Assignment
Set down the full listing exactly as given. Any pictures are to be left out.

Stored data
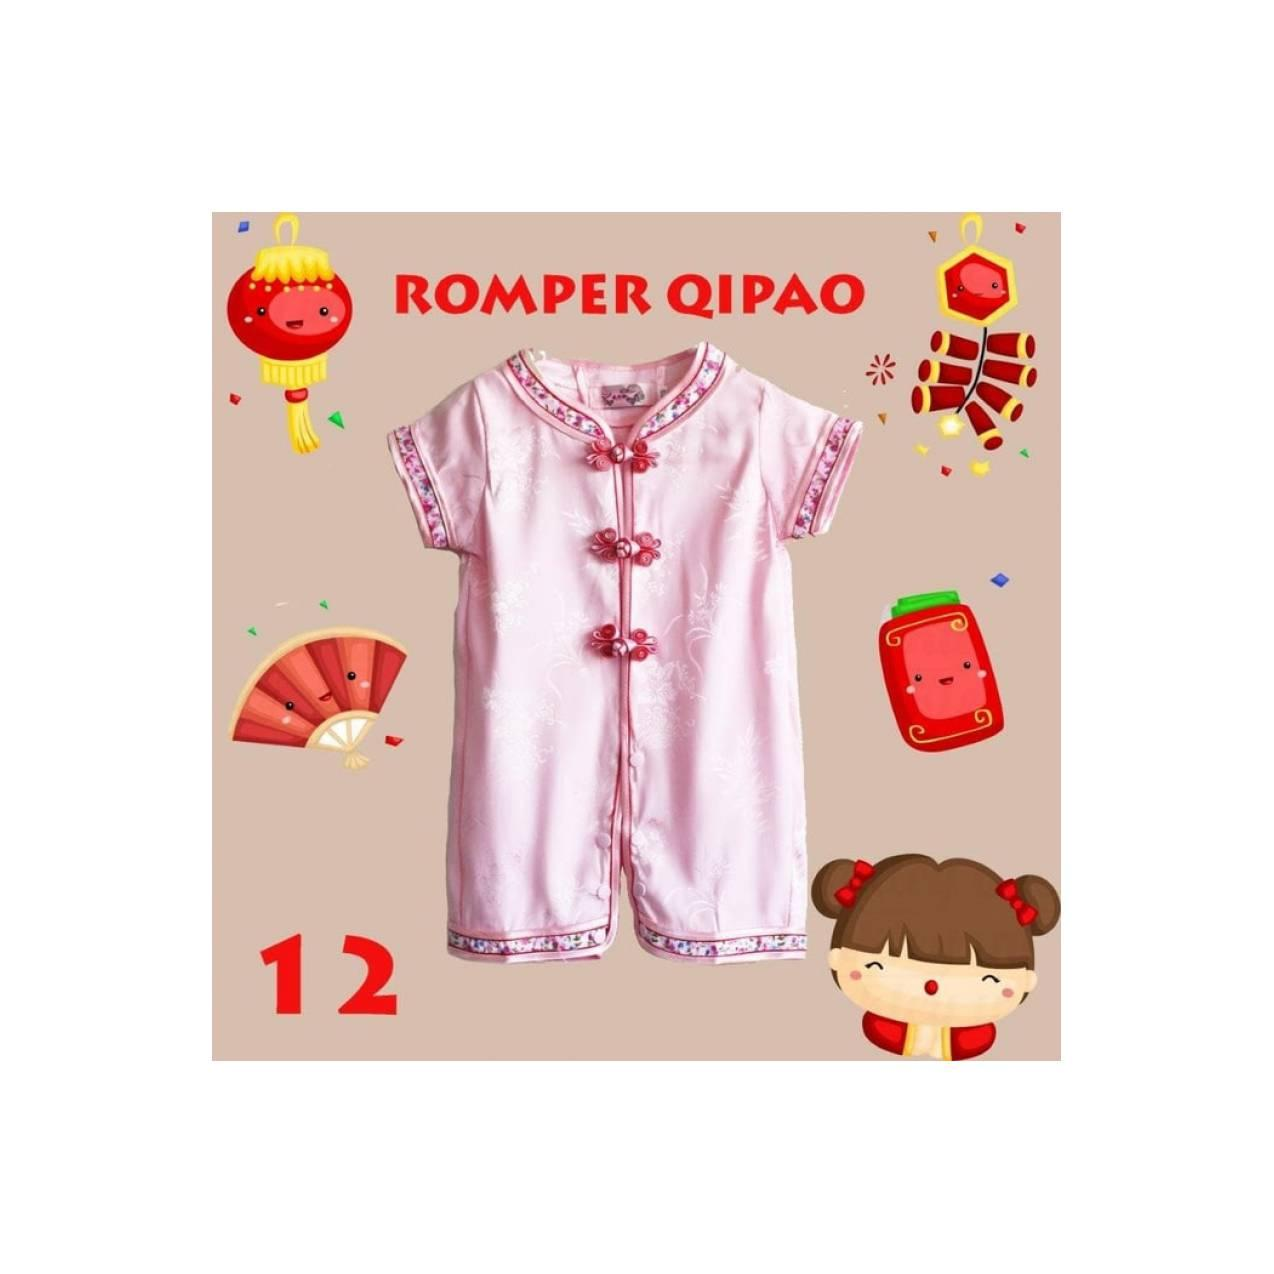 romper baju imlek cheongsam anak bayi cewe perempuan pink bunga sakura
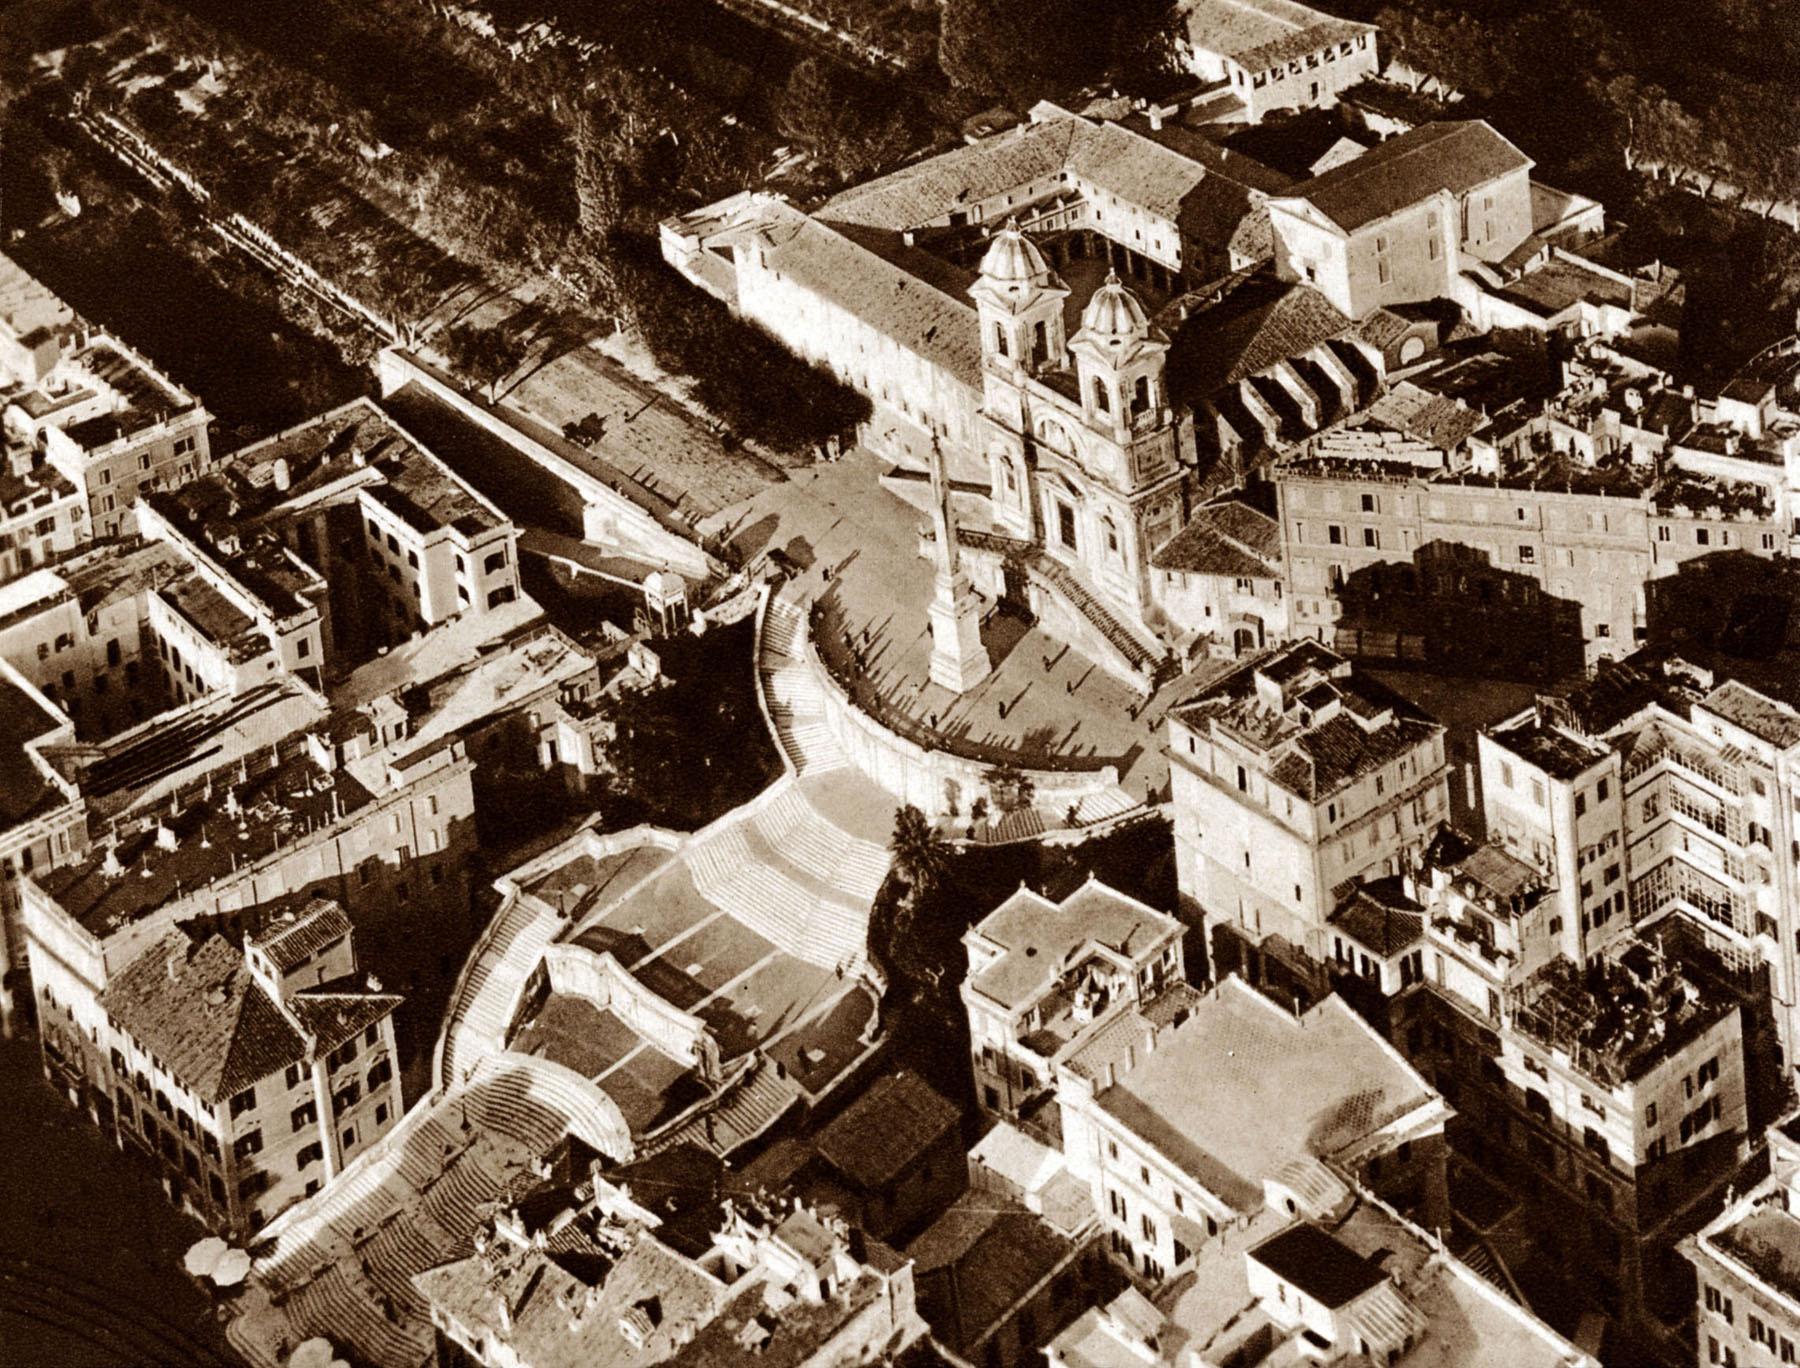 Légifotó 1938-ból (Forrás: www.it.wikipedia.org/wiki/File:Trinitamonti36.jpg)
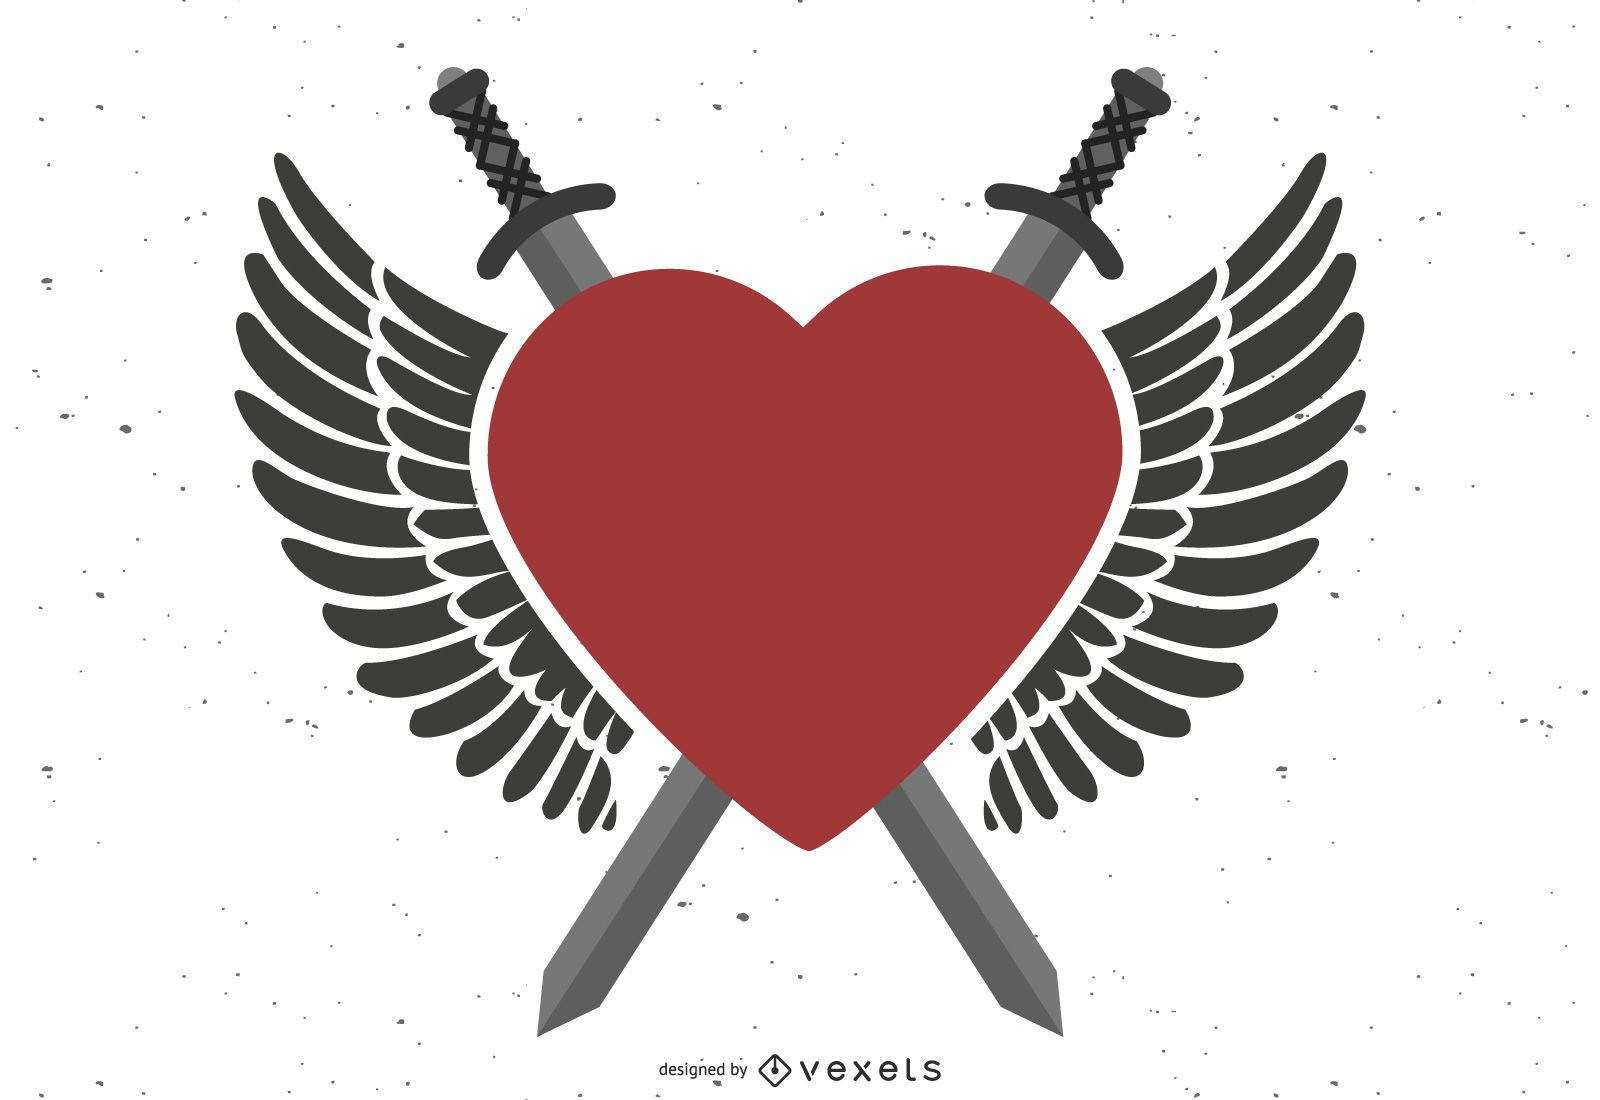 Mighty Winged Heart Crossed Swords

Response to this task
 romper baju imlek cheongsam anak bayi cewe perempuan pink bunga sakura
 Légifotó 1938-ból (Forrás: www.it.wikipedia.org/wiki/File:Trinitamonti36.jpg)
 Mighty Winged Heart Crossed Swords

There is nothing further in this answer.